- Philips LP: 6769 003

Studio album by Antal Doráti
- Released: 1978
- Studio: Grande Salle, Épalinges Theatre, Switzerland
- Genre: Opera
- Length: 211:44
- Language: Italian
- Label: Philips
- Producer: Erik Smith

Il mondo della luna
- Philips CD: 432 420–2

= Il mondo della luna (Antal Doráti recording) =

Il mondo della luna (The world on the moon) is a 211-minute studio album of Joseph Haydn's opera, performed by Luigi Alva, Arleen Augér, Anthony Rolfe Johnson, Edith Mathis, Frederica von Stade, Lucia Valentini Terrani and Domenico Trimarchi with the Chœurs de la Radio Suisse Romande and the Orchestre de Chambre de Lausanne under the direction of Antal Doráti.

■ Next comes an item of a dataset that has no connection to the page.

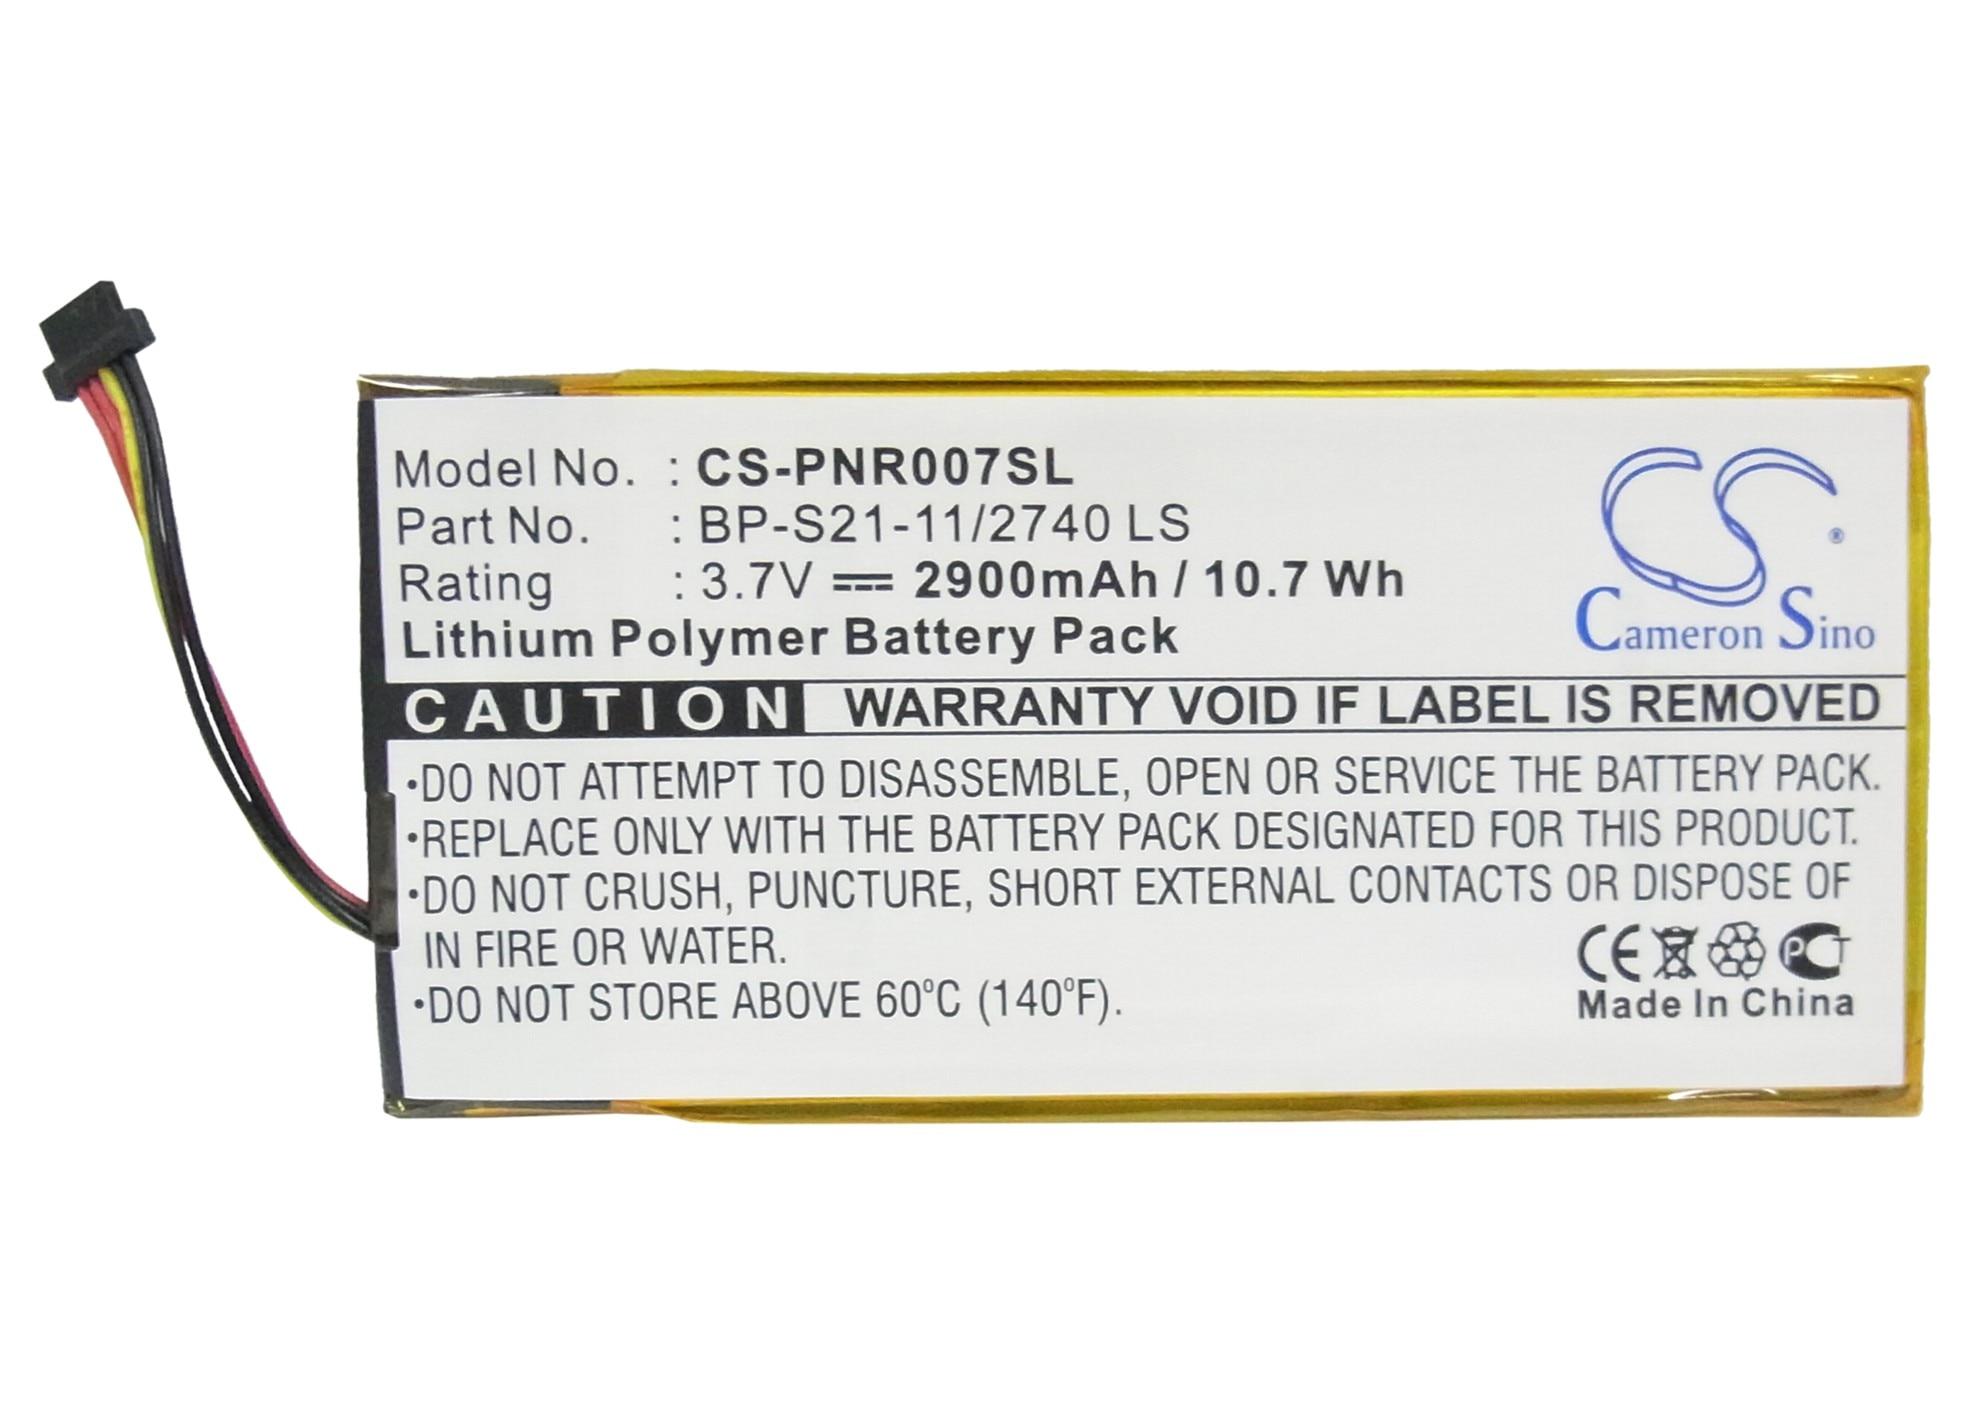 Cameron Sino 2900mAh batería de la batería BP-S21-11/2740 ¿Para Pandigital novela 7 PRD07T20WBL1

It was released on LP in 1978 and on CD in 1992. Its CD version included nine bonus arias of Haydn's, mostly written to be inserted into other composers' works, performed by Mathis and the Orchestre de Chambre de Lausanne under the direction of Armin Jordan.

==Background==
At the time when the album was taped, no complete autograph score of the opera was known to exist. There were fragmentary autographs in collections in Berlin, Budapest, Cracow and Paris, and scholars had also found three contemporary copies – one, lacking Act 3, in Brussels, and two, complete, in Brno and Vienna. There are many inconsistencies between these various documents, reflecting the numerous revisions of his opera that Haydn undertook. The Vienna score was the principal source of the edition used by Doráti.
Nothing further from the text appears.